Among the records that follow, how many lines contain the word "with"? Give the number and no other words.

Content starts

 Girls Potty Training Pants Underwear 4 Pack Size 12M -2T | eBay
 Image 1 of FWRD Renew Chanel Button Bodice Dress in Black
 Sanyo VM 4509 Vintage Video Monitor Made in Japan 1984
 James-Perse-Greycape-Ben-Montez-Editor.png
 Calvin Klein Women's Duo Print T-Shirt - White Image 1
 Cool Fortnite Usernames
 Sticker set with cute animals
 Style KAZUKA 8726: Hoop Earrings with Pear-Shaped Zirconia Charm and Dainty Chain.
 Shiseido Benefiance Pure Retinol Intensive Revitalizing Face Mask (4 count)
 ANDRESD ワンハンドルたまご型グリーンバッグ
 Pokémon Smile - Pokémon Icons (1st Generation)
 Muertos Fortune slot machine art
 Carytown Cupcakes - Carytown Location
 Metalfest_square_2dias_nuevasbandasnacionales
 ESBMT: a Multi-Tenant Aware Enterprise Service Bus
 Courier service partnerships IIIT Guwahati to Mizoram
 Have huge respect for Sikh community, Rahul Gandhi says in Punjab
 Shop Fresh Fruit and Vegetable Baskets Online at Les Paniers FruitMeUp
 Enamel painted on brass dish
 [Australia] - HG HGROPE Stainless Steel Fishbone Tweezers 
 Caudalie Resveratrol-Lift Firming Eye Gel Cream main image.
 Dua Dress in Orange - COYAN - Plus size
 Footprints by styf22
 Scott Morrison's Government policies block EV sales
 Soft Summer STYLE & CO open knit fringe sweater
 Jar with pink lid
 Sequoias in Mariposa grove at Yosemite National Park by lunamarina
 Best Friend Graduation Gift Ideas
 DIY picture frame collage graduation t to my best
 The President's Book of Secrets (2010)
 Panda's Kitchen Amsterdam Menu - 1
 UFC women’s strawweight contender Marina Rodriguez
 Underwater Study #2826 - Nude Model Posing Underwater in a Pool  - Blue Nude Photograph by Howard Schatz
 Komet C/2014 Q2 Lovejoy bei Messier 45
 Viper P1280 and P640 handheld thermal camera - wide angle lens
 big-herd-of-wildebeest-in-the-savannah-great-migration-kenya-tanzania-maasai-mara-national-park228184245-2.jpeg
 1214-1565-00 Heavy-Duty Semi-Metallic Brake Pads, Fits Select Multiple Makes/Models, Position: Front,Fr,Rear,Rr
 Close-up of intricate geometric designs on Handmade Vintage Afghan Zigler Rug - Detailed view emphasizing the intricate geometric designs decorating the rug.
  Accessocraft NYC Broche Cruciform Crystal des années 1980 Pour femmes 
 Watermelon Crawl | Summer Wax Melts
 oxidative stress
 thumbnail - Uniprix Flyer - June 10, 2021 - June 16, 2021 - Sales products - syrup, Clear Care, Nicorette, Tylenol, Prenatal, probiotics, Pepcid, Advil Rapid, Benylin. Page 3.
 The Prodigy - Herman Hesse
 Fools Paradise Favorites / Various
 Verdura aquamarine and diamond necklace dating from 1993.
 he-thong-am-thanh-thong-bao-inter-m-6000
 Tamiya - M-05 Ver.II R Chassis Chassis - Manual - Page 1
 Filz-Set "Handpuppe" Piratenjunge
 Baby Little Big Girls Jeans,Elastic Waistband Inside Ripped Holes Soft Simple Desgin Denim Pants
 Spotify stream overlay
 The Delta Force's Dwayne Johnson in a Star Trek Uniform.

Content ends

Task solution: 3